Atresia biliar

Descripción general

Biliary atresia is a rare liver condition that affects newborns and infants. It occurs when the bile ducts become inflamed and blocked or fail to form correctly. Bile ducts are slender tubes that carry the digestive fluid bile from the liver to the small intestine. When bile cannot flow out of the liver, it builds up and causes liver damage, scarring and, eventually, progressive and severe scarring known as cirrhosis.

Biliary atresia appears in about 1 in every 10,000 to 20,000 live births, making it the leading cause of liver transplants in children. Babies with biliary atresia usually appear healthy at birth. The first sign of illness is often yellowing of the eyes and skin, called jaundice, and pale stools that last beyond two weeks.

Babies with biliary atresia should undergo a surgery called Kasai surgery. It also is called hepatoportoenterostomy. This procedure helps relieve bile buildup and slow liver damage, but it does not cure the condition. The surgery works best when done early in life, ideally within the first 60 days. The earlier it is performed, the better the outcome.

Although many children eventually require a liver transplant, a successful Kasai surgery can delay this need for many years. Some individuals may reach adulthood without ever needing a liver transplant.

Types

Healthcare professionals sometimes describe biliary atresia as either syndromic or nonsyndromic, depending on whether other birth defects are present.

• Syndromic biliary atresia. In some babies, biliary atresia occurs along with other structural problems, such as heart defects, spleen problems or differences in how the intestines are arranged.

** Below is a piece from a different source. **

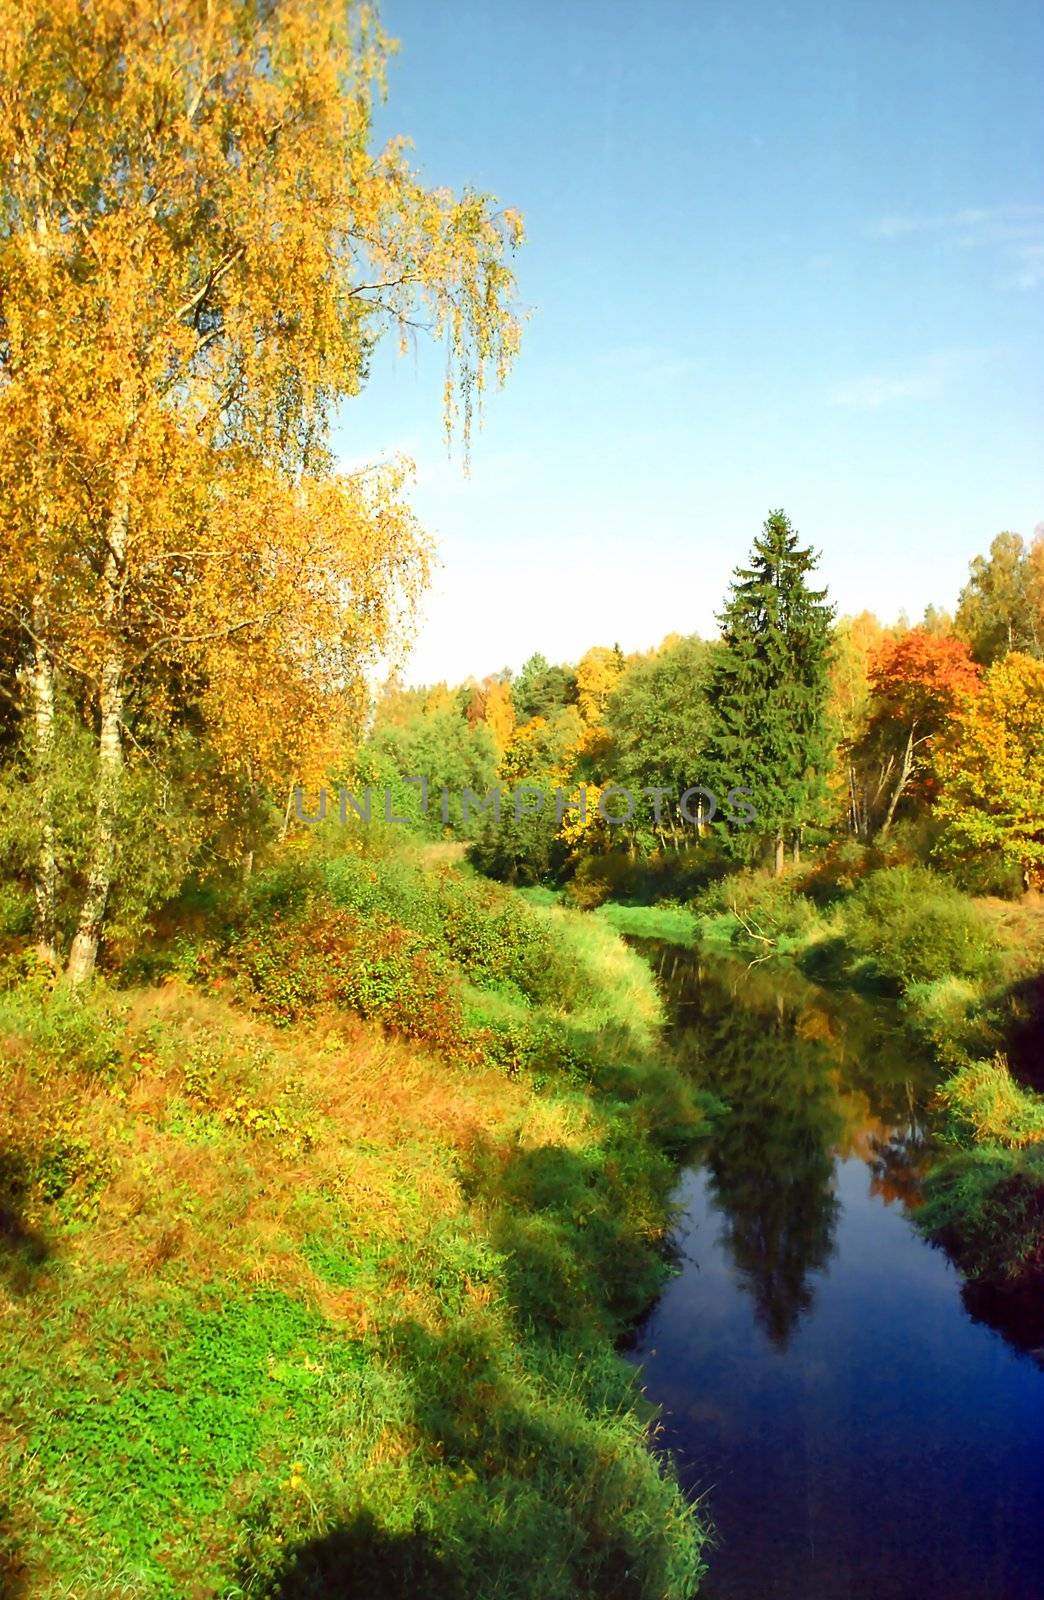 Splendor of autumn nature by mulden

These babies may need extra tests and specialized care for those conditions.
• Nonsyndromic biliary atresia. In most cases, biliary atresia occurs without other malformations.

Healthcare professionals classify biliary atresia using the Kasai classification, which describes where the bile ducts are blocked:

• Type 1. The main bile duct, also called the common bile duct, is blocked. But the ducts inside the liver are still open.
• Type 2. The blockage is higher up, where the right and left bile ducts come together. But the smaller ducts inside the liver are still open.
• Type 3. Blockage is at the duct where bile leaves the liver, called the porta hepatis, with complete blockage of the extrahepatic biliary tree. This is the most common and severe form.

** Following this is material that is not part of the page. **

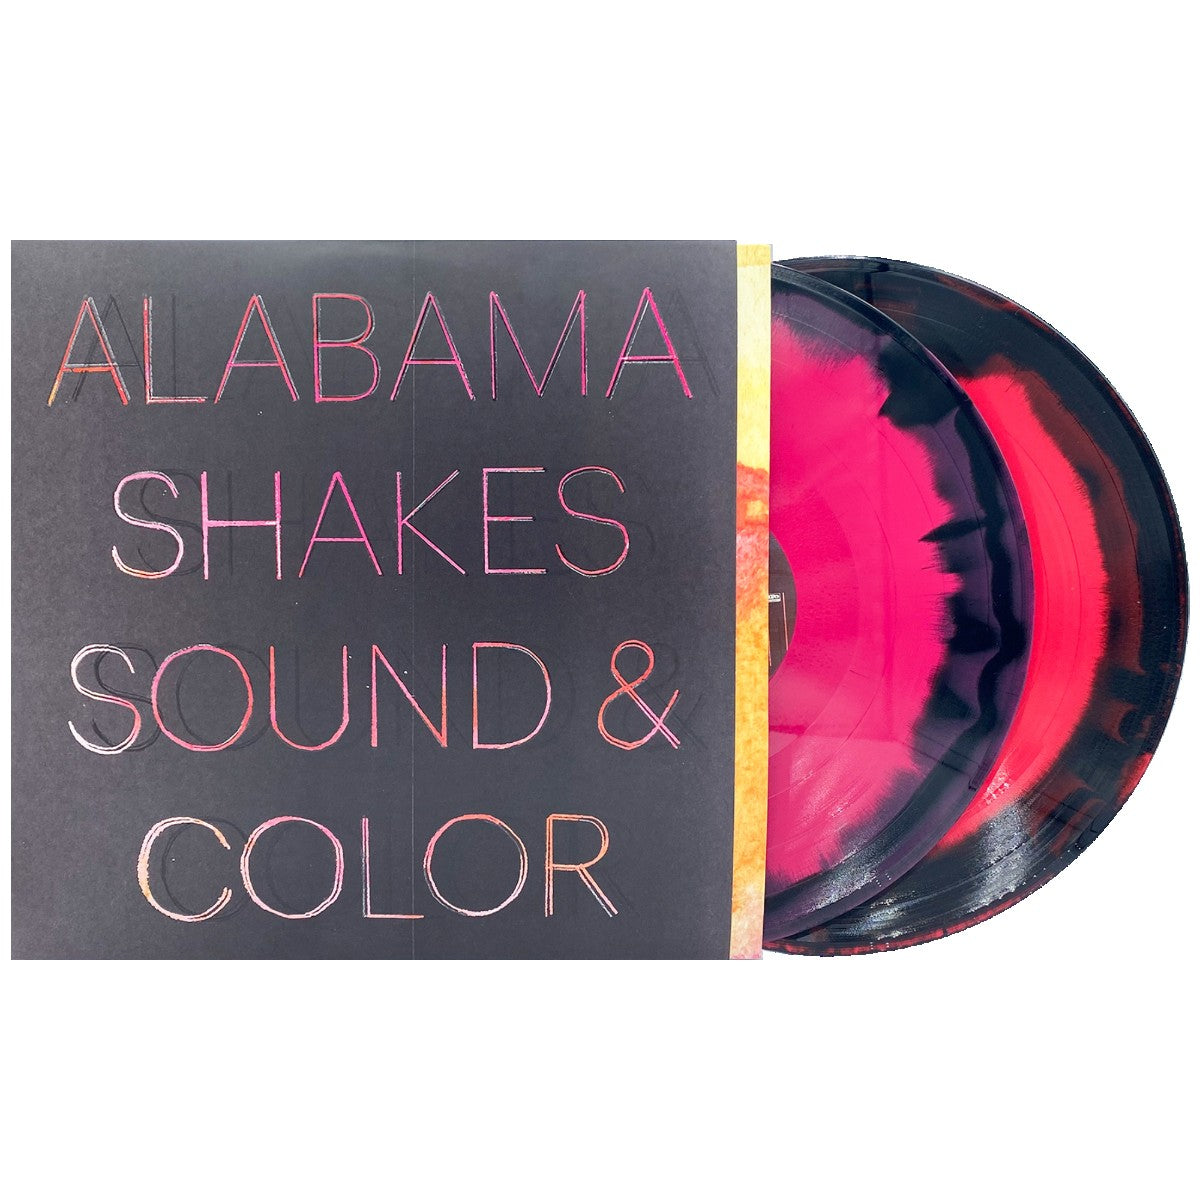 Alabama Shakes - Sound & Color (Deluxe Edition) [Colored Pink, Black, Magenta Vinyl 2LP]

Understanding the type of biliary atresia helps healthcare professionals decide what approach may offer the best outcome.

Síntomas

Symptoms of biliary atresia usually appear during the first few weeks of life. Most babies appear healthy at birth. But as bile becomes trapped in the liver, signs of illness gradually appear. Symptoms usually appear between ages 2 and 8 weeks.

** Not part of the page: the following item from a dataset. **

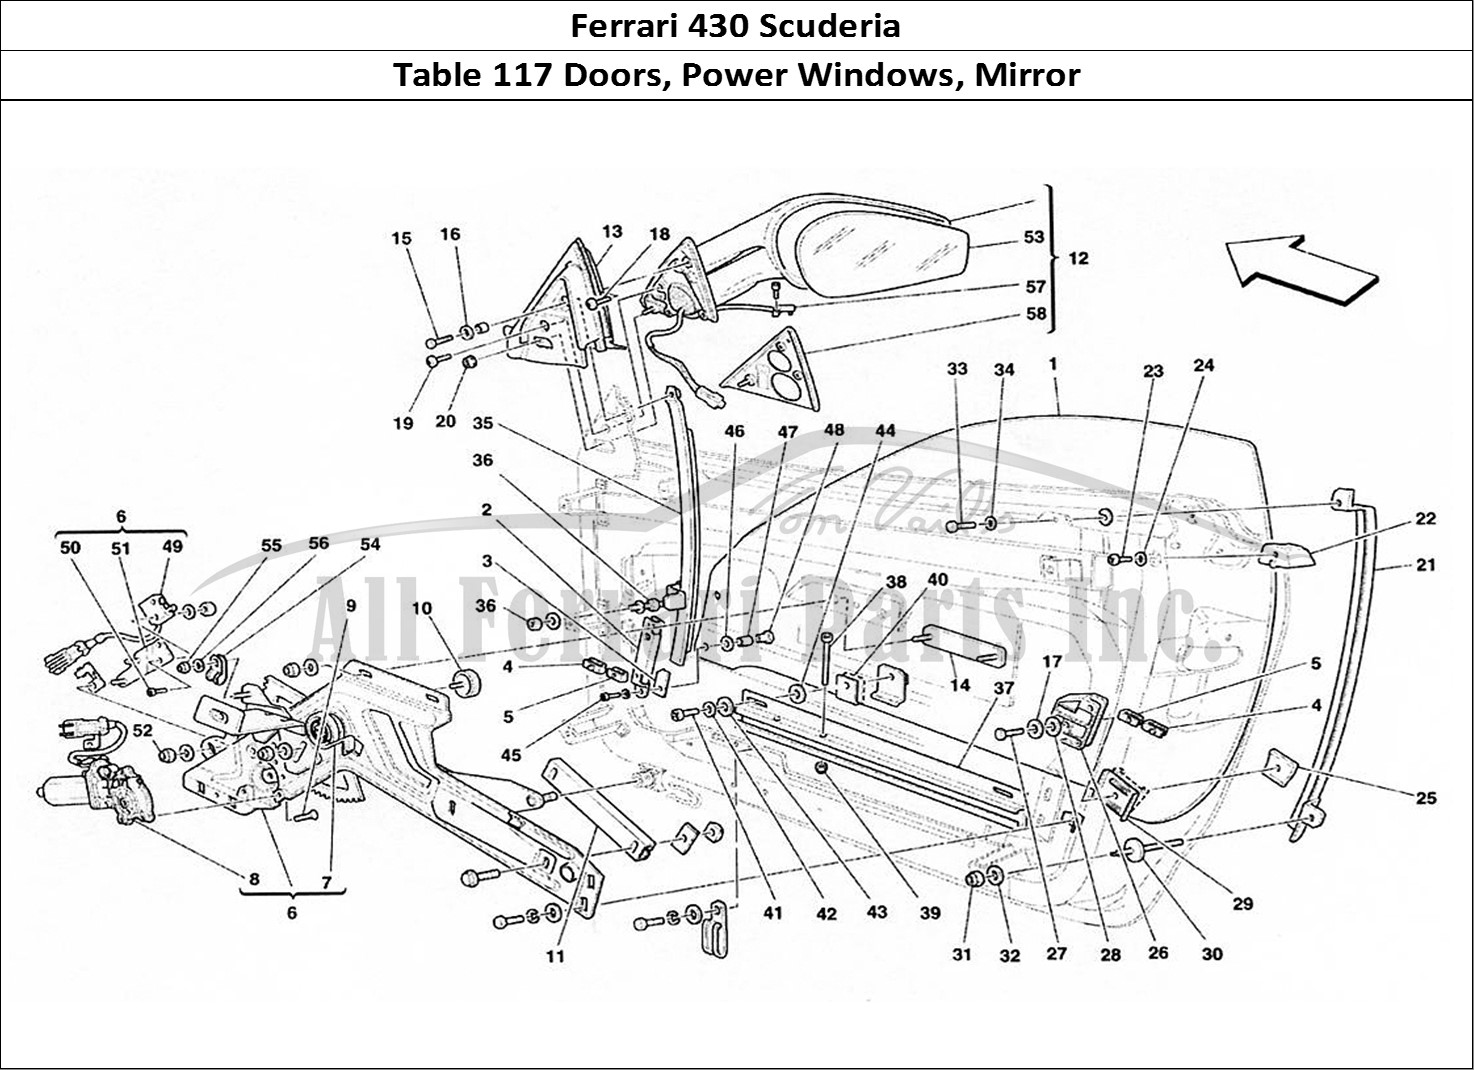 Ferrari Parts Ferrari 430 Scuderia Page 117 Doors - Power Window and

Common symptoms of biliary atresia include:

• Jaundice that lasts longer than two weeks after birth. This is one of the earliest and most reliable warning signs. Unlike typical newborn jaundice, which fades as the baby's liver matures, the jaundice seen in biliary atresia is a different type caused by bile not draining properly from the liver. It does not improve and may deepen in color.
• Pale, gray or white stools. Bile gives stool its typical brown color, so when bile flow is blocked, stools become light or clay colored. Parents often describe them as "putty colored."
• Dark yellow urine. Because bilirubin builds up in the blood, it passes into the urine, giving it a dark or tealike appearance.
• Swollen belly or firm liver. If biliary atresia is not detected early and the Kasai surgery is not performed in time, the liver and spleen may become enlarged.
• Poor weight gain or irritability. As liver function declines, babies may feed poorly or fail to gain weight.

How is biliary atresia different from infant jaundice?

Typical newborn jaundice is caused by a temporary buildup of bilirubin and resolves on its own. But jaundice from biliary atresia results from blocked bile ducts and ongoing liver injury. Persistent yellowing of the skin and eyes, pale stools, and dark urine should always prompt medical evaluation. Because many healthy babies also have mild jaundice early in life, recognizing when it persists or worsens is critical.

Causas

Scientists don't yet know exactly what causes biliary atresia, but research shows it likely begins before the baby is born. There is no evidence that biliary atresia is inherited or caused by anything a parent did or didn't do during pregnancy. It also isn't something a child with biliary atresia will pass on to their own children.

Researchers believe biliary atresia may be triggered by a mix of factors. These include problems with how the bile ducts form during pregnancy, certain genes, and possibly infections or toxins that affect the baby in the womb. The more-common type appears in healthy-looking babies during the first few weeks of life. A less common type happens alongside other birth defects, such as heart or spleen problems. This less common type is called embryonic biliary atresia. It's also known as syndromic biliary atresia.

Factores de riesgo

There are no proven, consistent risk factors that predict which babies will develop biliary atresia. Most cases appear sporadically, meaning they happen by chance in otherwise healthy infants with no family history or known cause.